• _Action item_
Could you please transcribe the data exactly, without the pictures?

• _Data block_
━━━━━━

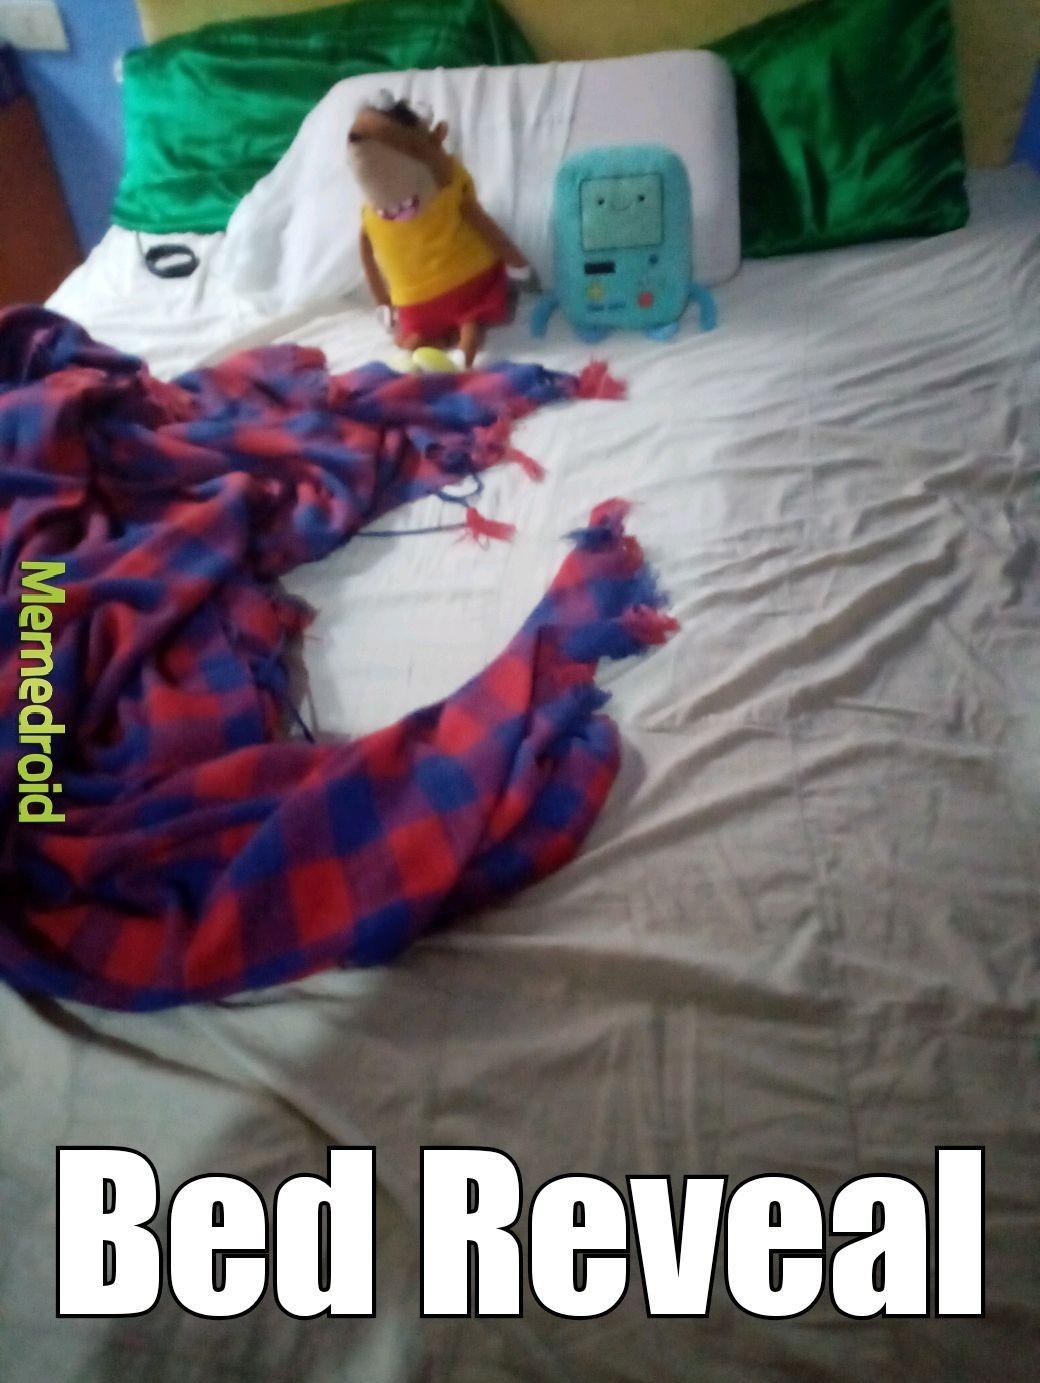 bed reveal - meme
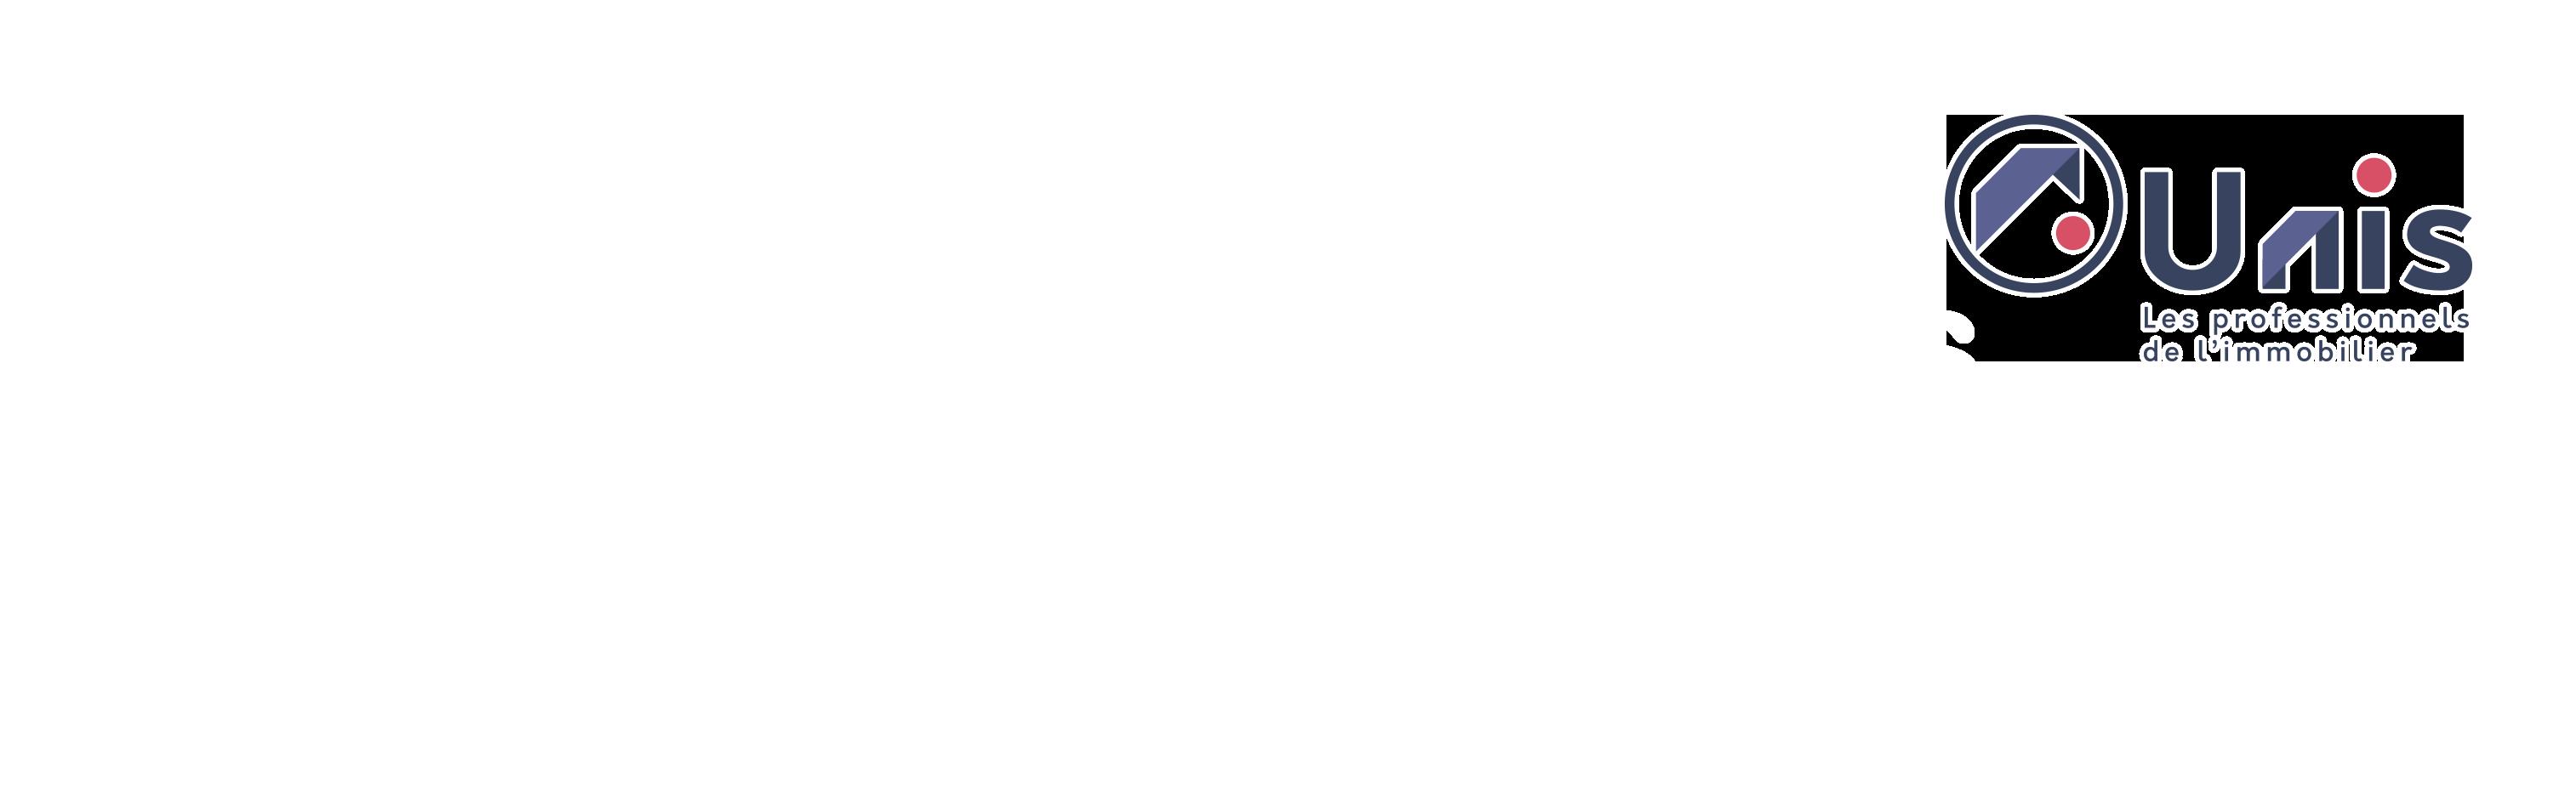 Ile Immo Services
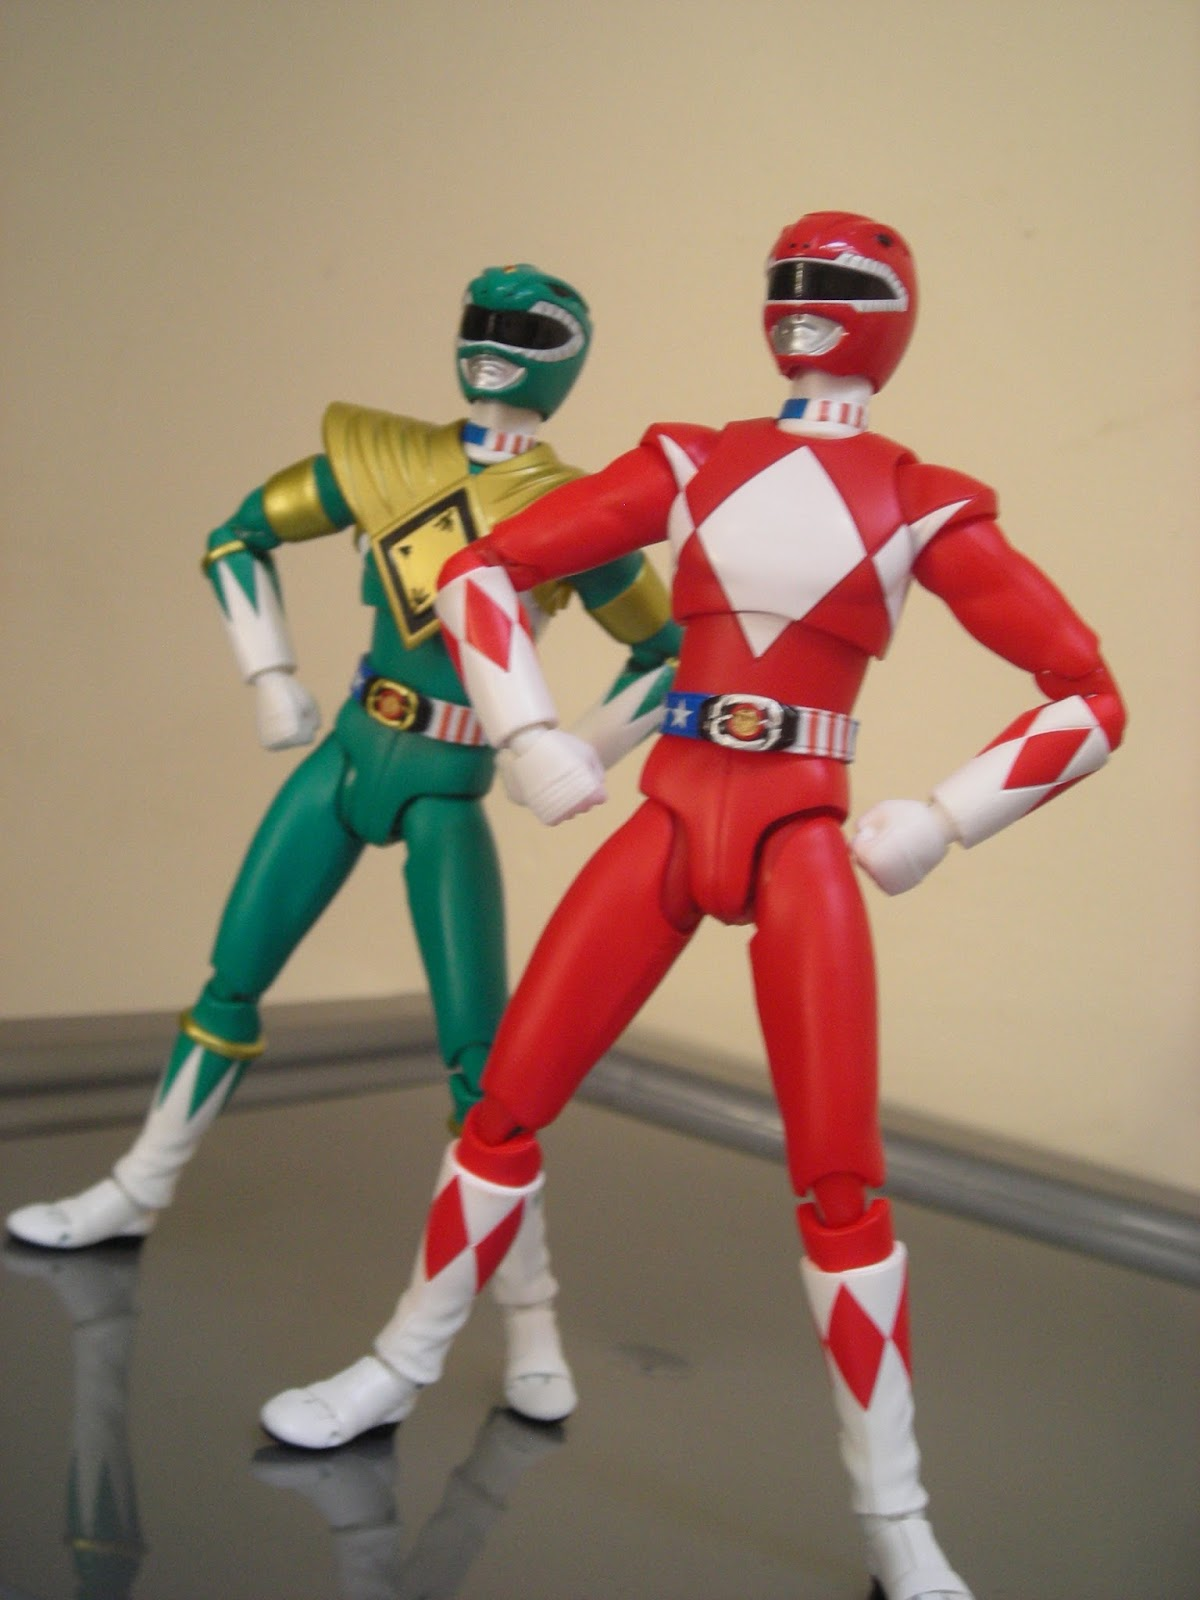 Powerful Rangers SH+Figuarts+Tyranno+Ranger+13

━━━━━━

• _Answer area_
 bed reveal - meme
 Ile Immo Services
 Powerful Rangers SH+Figuarts+Tyranno+Ranger+13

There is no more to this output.